Today we are going to develop a computer vision application for detecting if the eyes are open or close and count blinks. To achieve our goal we are going to train a small convolutional neural network (CNN) with Keras and then using OpenCV and dlib we 'll implement our blink detector . The process of building our blink detector has two stages, first the training of the neural network and then the development of the detector. If you want you can skip stage one and go to stage two and use the network that we have already trained for you. You can find the code at my github repo.

Stage one

For these stage we 'll assume that you already know a fair bit about convolutional neural nets. That's because we won't talk about how cnn's work. If these is the first time you hear about cnn's then you can go straight to stage two. Stanford has a great course which will help you understand a lot about neural networks and cnn's . To get started lets see what we need to train our cnn. We 'll use keras library with tensorflow backend, keras gives you the choise to use it with tensorflow or theano backend. Also you can use either python 2.7 or python 3.x . If you don't have keras or tensorflow at your system you can $ pip install --upgrade tensorflow and $ pip install keras , tensorflow supports CUDA if you have CUDA-capable GPU but for these tutorial it won't make a huge difference. So we are going to train a binary classifier between open and close eyes. To do this we 'll need a dataset to train our classifier. For closed eyes we will use cropped images of size 26x34 from the Closed Eyes In The Wild (CEW) dataset and for opened eyes we used a manually anotaded images.
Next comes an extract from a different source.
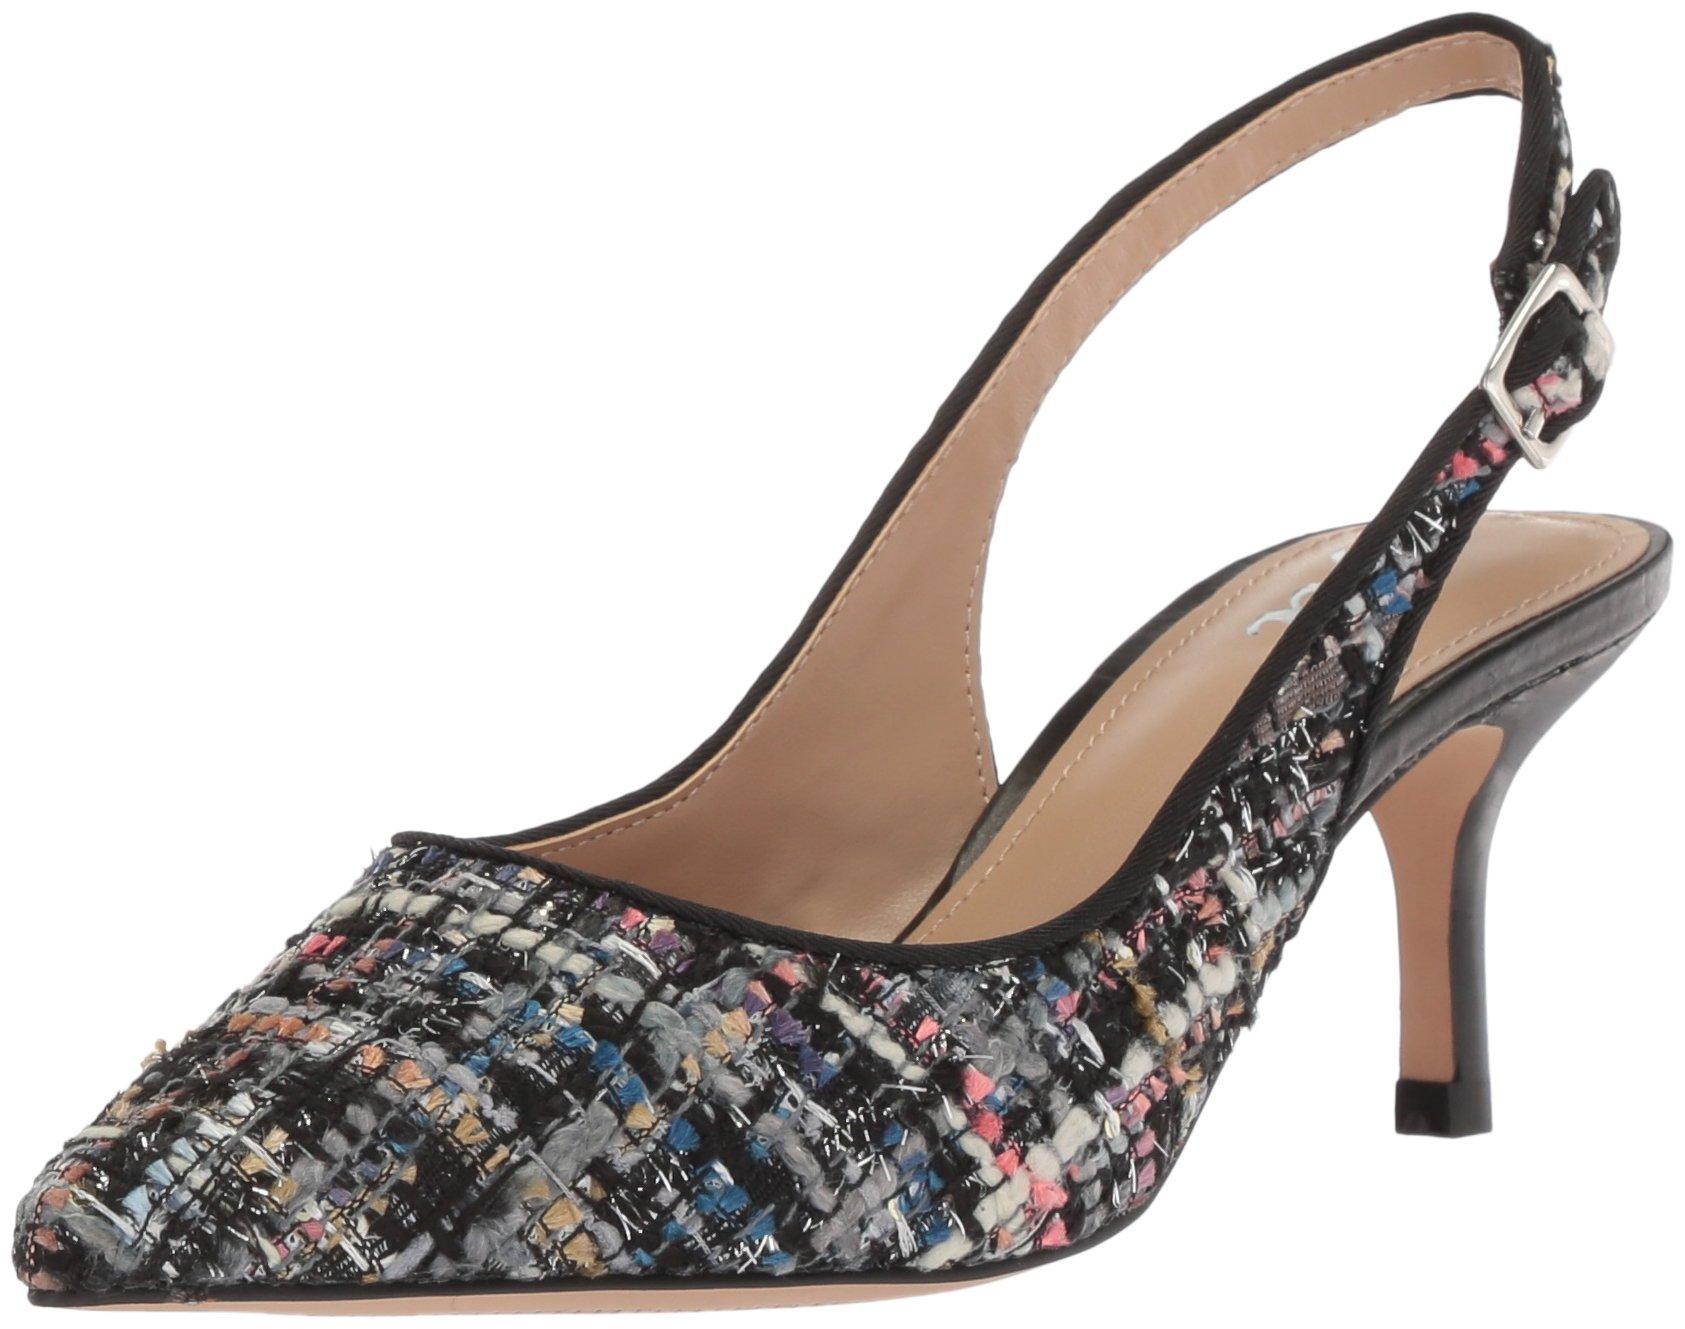 The Fix Women's Felicia Slingback Kitten Heel Pump, Black/Multi Tweed, 9 B US

We are going to use only left eye images because our dataset is small and we want the cnn to be more accurate, to achieve that we flipped the right images when we were cropping the whole face images. The complete dataset contains 2874 images. You can find the dataset in at csv format in the train folder in my repo. To get started we 'll import the necessary packages:

import csv
import numpy as np 
import keras 
from keras.preprocessing.image import ImageDataGenerator
from keras.models import Sequential
from keras.layers import Conv2D,Flatten,Dense,Activation,Dropout,MaxPooling2D
from keras.activations import relu
from keras.optimizers import Adam

Now that we have imported everything we need to load the data from the dataset, to do that we are going to write a function

def readCsv(path):

	with open(path,'r') as f:
		#read the scv file with the dictionary format 
		reader = csv.DictReader(f)
		rows = list(reader)

	#imgs is a numpy array with all the images
	#tgs is a numpy array with the tags of the images
	imgs = np.empty((len(list(rows)),height,width,1),dtype=np.uint8)
	tgs = np.empty((len(list(rows)),1))
	for row,i in zip(rows,range(len(rows))):
		#convert the list back to the image format
		img = row['image']
		img = img.strip('[').strip(']').split(', ')
		im = np.array(img,dtype=np.uint8)
		im = im.reshape((26,34))
		im = np.expand_dims(im, axis=2)
		imgs[i] = im

		#the tag for open is 1 and for close is 0
		tag = row['state']
		if tag == 'open':
			tgs[i] = 1
			tgs[i] = 0
	#shuffle the dataset
	index = np.random.permutation(imgs.shape[0])
	imgs = imgs[index]
	tgs = tgs[index]

	#return images and their respective tags
	return imgs,tgs

This function accepts a single required parameter, the path of the csv file with the dataset. At first we read the csv file with the dictionary format and then we make a list with every row of the file. Then we make two empty numpy arrays to store the images and the tag of every image. After that we access through every row of the list, which contains an image and the image's tag , to assert to the previous arrays their values. In the end we shuffle the two arrays and we return them. So to continue we are going to build our cnn using keras. Our network has three convolutional filters with relu activation, each filter followed by a max-pooling layer. Then we add dropout a dropout layer followed by two fully connected layers with relu activations also. Finally we add a single neuron with sigmoid activation for our binary classifier. As optimizer we 'll use adam and for our loss function we 'll use binary crossentropy.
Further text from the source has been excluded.